Could the listing below be returned exactly, with its pictures left out?

## EXERCISE DATA:
- - -

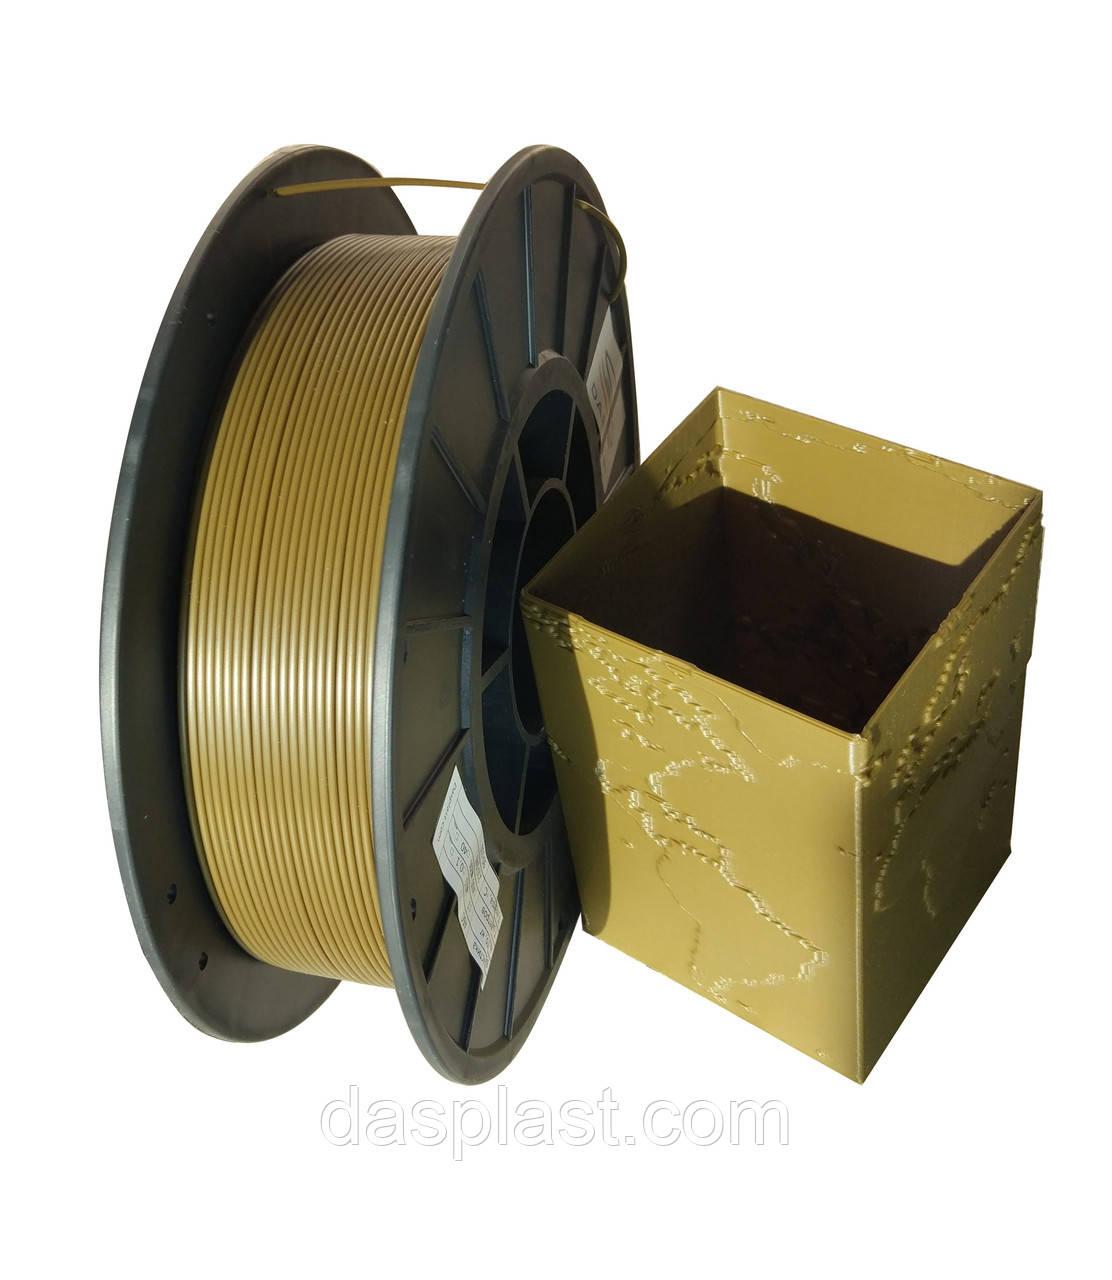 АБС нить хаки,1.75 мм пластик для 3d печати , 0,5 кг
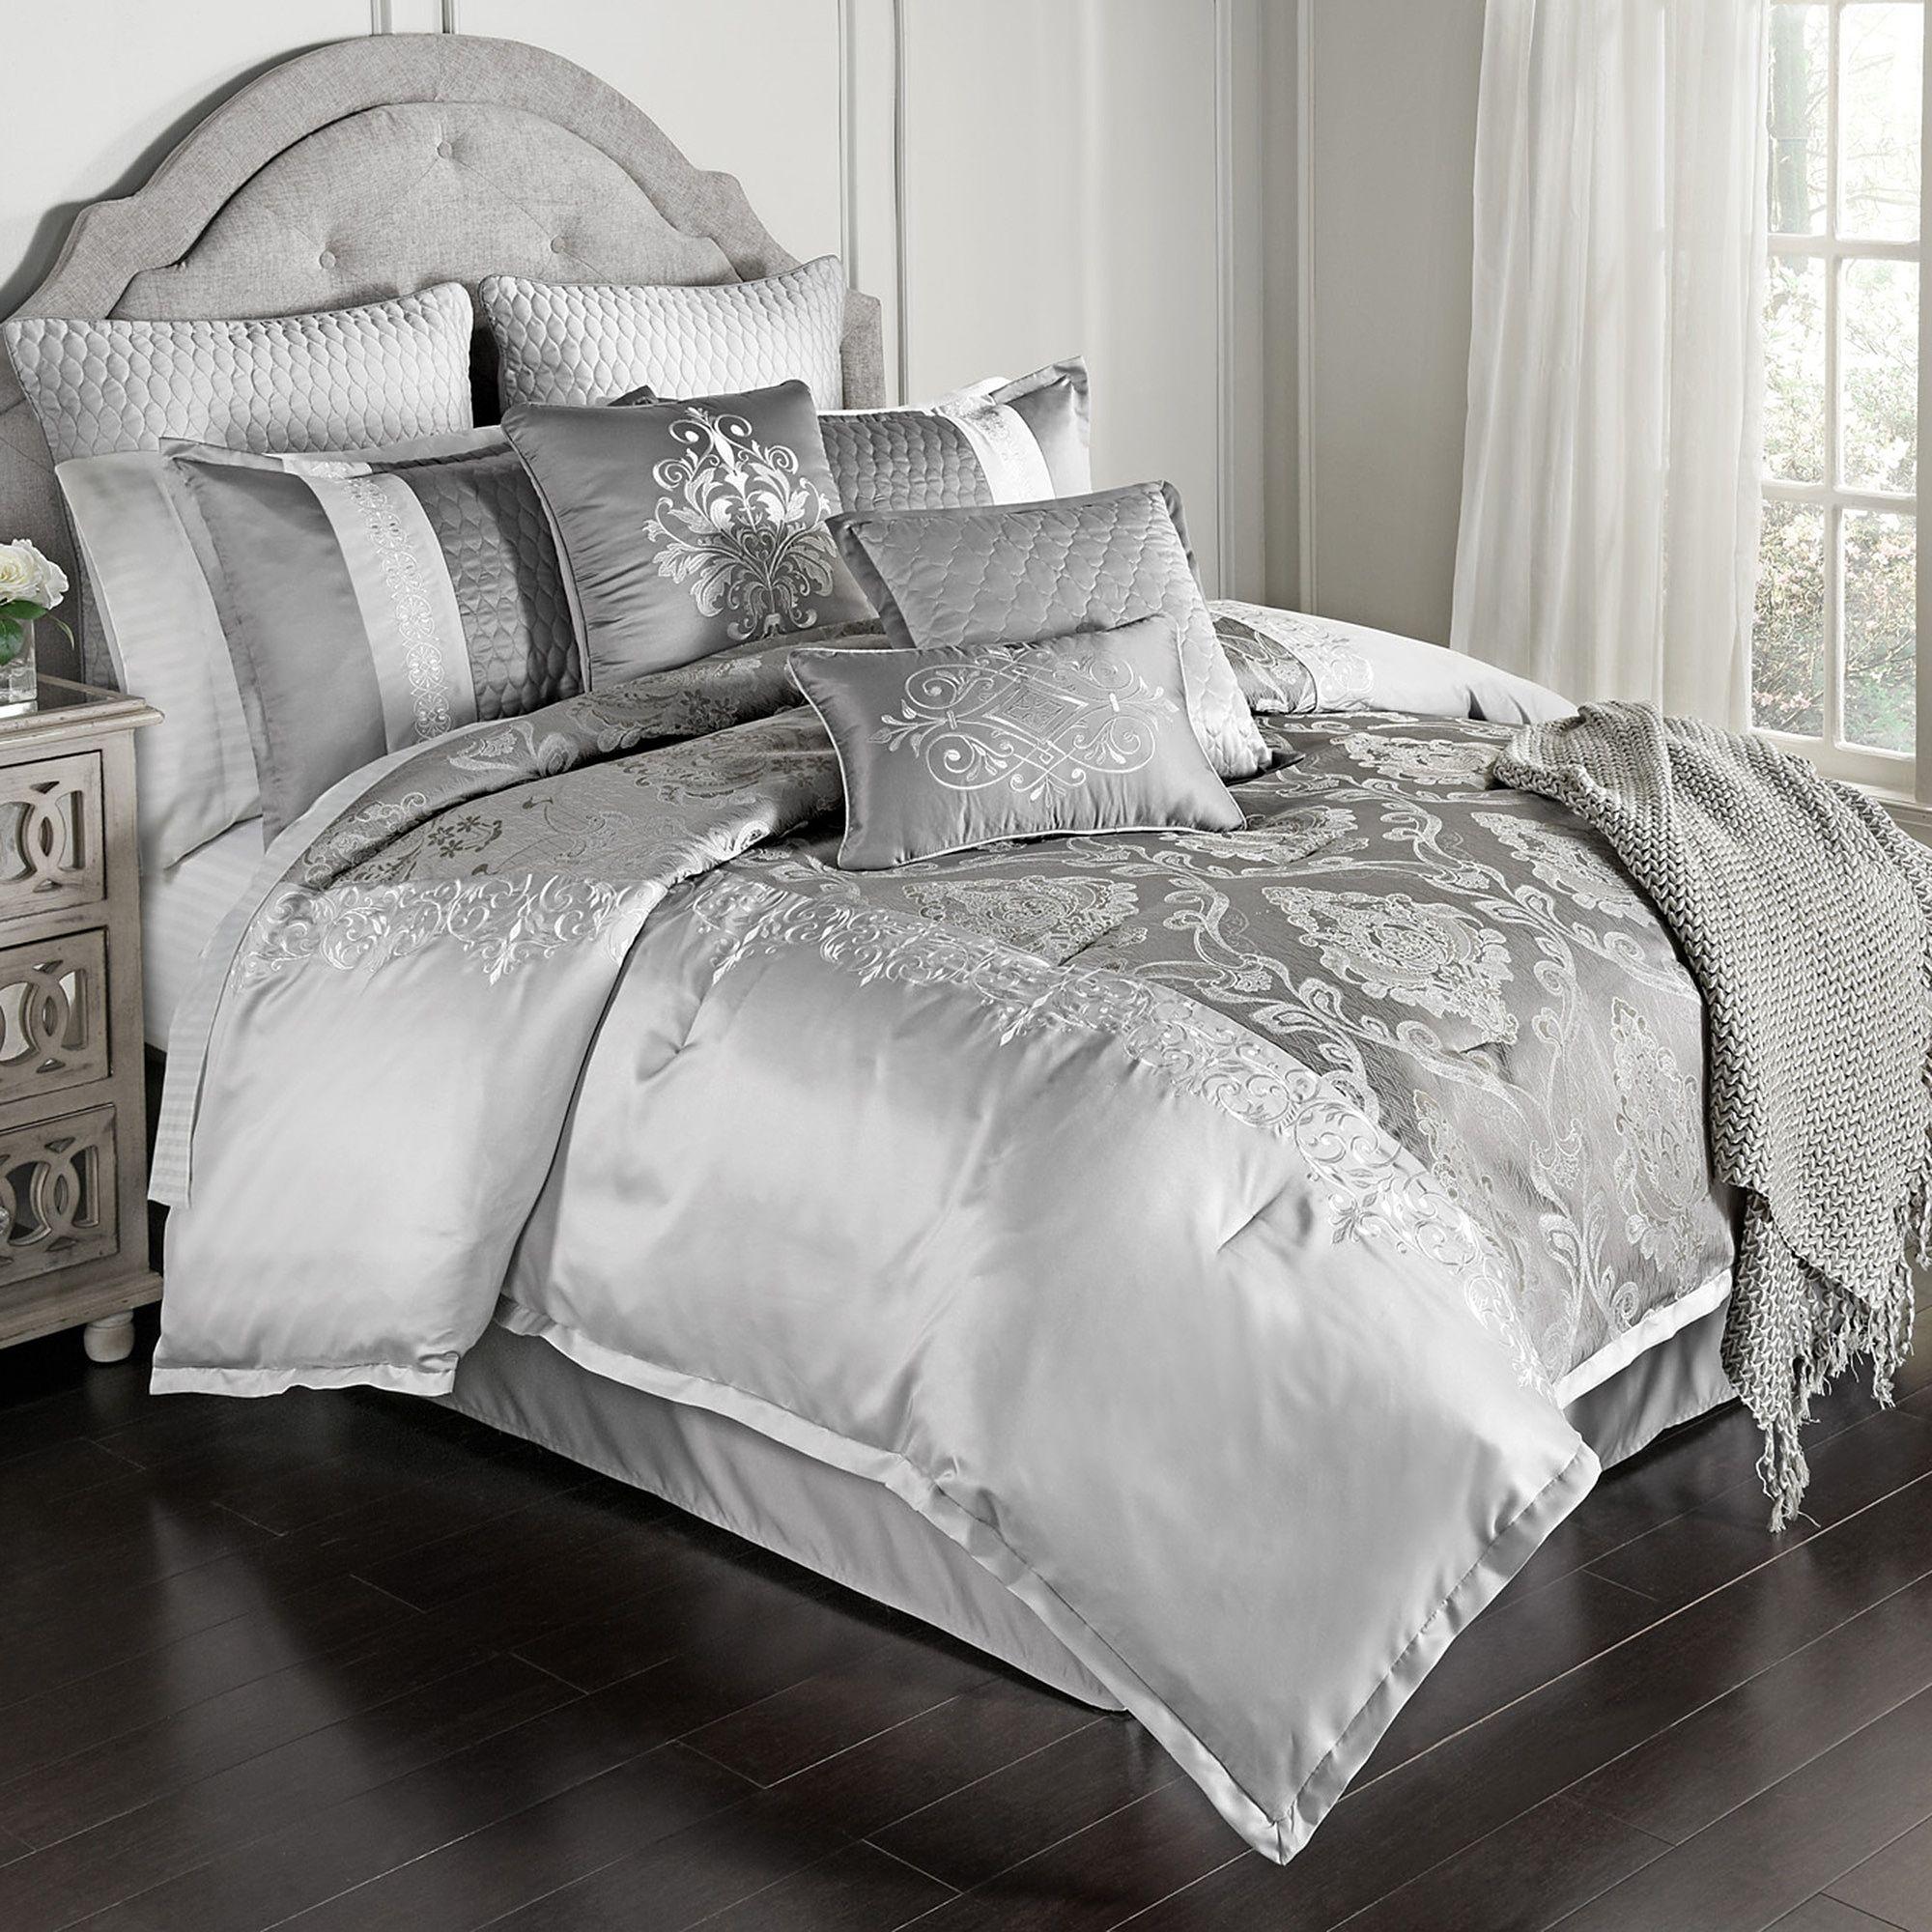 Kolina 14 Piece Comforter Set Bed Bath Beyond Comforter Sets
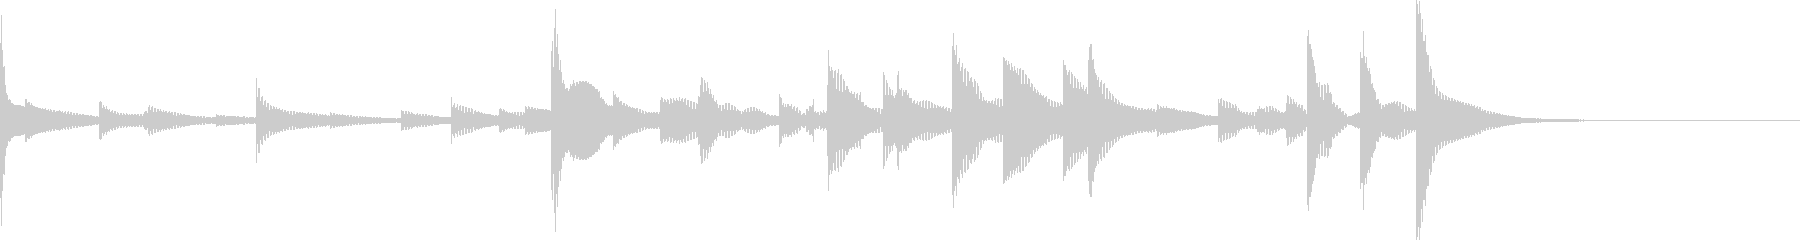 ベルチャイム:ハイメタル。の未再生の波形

- - -

## ANSWER SECTION:
 АБС нить хаки,1.75 мм пластик для 3d печати , 0,5 кг
 Kolina 14 Piece Comforter Set Bed Bath Beyond Comforter Sets
 ベルチャイム:ハイメタル。の未再生の波形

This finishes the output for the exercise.